Fiorenzo di Lorenzo (c. 1440 – 1522) was an Italian painter, of the Umbrian school. He lived and worked at Perugia, where most of his authentic works are still preserved in the Galleria Nazionale dell'Umbria.

Of his birth, death and pupilage, little is known: he may have been trained in the circles of Niccolò Alunno, Benedetto Bonfigli and Bartolomeo Caporali. Between 1463 and 1469, his name appears on the register of painters of Perugia. Documentary evidence shows that he was decemvir of Perugia and, In the same year, he entered into a contract to paint an altarpiece for the church of Santa Maria Nuova, the pentaptych of the Madonna and Saints. Fiorenzo is also known from a few signed works, including the Madonna of Della Midericordia (1476) and a niche with lunette, two wings and predella (1487). Other works which have been attributed to di Lorenzo include a Pietà with Saints Jerome and Leonard in San Pietro (1469), a Pieta above the door of the Sala di Fiorenzo in Perugia (1472 - now attributed to Pintoricchio), a fresco of Saints Romano and Rocco in the Church of San Francesco in Deruta (1477-8, now attributed to Perugino), an Annunciation fresco on the outside of the Portiuncula at Assisi (1486 - now attributed to Perugino or his workshop), and two frescoes in the church of Santa Maria di Monteluce (1491 and ca. 1499).

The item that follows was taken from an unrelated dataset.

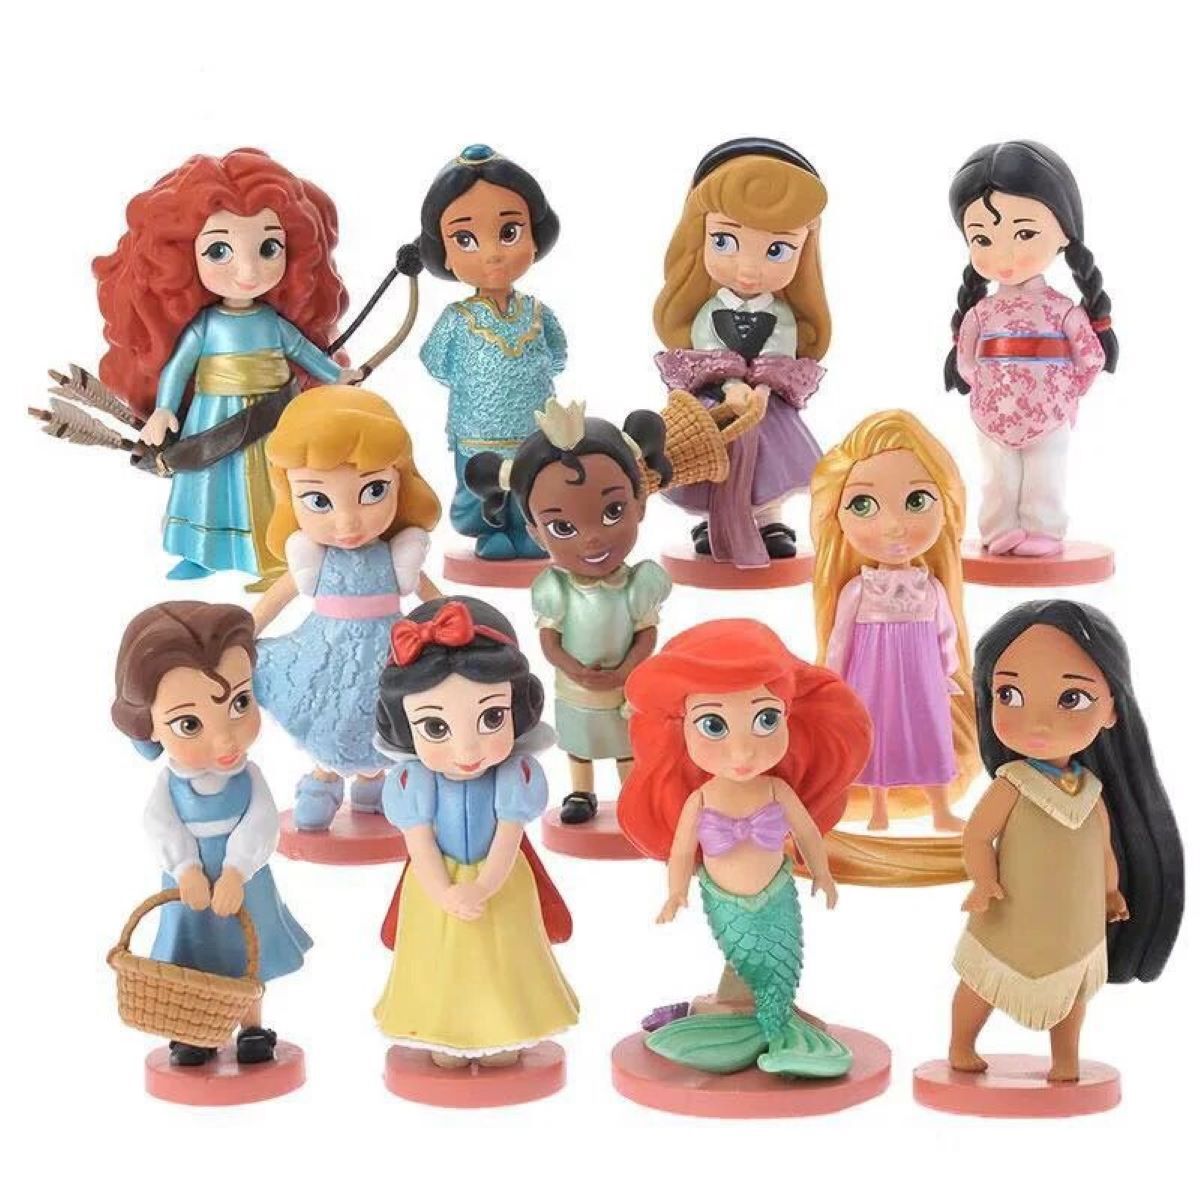 Куклы принцессы Дисней Моана мини. Фигурки Disney Animators collection. Набор фигурок Рапунцель Disney. Куклы Disney Моана и Белоснежка.

Renaissance art biographer Giorgio Vasari does not even mention Fiorenzo's name, though he probably refers to him when he says that Cristofano, Perugino's father, sent his son to be the shop drudge of a painter in Perugia, who was "no great master of his profession, but held in great veneration both the art and the men who were excellent therein." It is certain that the early works of both Perugino and Pinturicchio show certain mannerisms which point towards Fiorenzo's influence, if not to his direct teaching.

The list of fifty pictures which have been ascribed to Fiorenzo includes works of such widely varied character that the scholars' suggestions of the masters under whom Fiorenzo is supposed to have studied varies. Pisanello, Verrocchio, Benozzo Gozzoli, Antonio del Pollaiuolo, Benedetto Bonfigli, Andrea Mantegna, Francesco Squarcione, Filippo Lippi, Luca Signorelli and Domenico Ghirlandaio have all been suggested.

According to the Encyclopædia Britannica Eleventh Edition (Konody 1911):

Fiorenzo's authentic works are remarkable for their sense of space and for the expression of that peculiar clear, soft atmosphere which is so marked a feature in the work of Perugino. But Fiorenzo has an intensity of feeling and a power of expressing character which are far removed from the somewhat affected grace of Perugino. Of the forty-five pictures bearing Fiorenzo's name in the Pinacoteca of Perugia, the eight charming St Bernardino panels are so different from his well-authenticated works, so Florentine in conception and movement, that the Perugian's authorship is very questionable.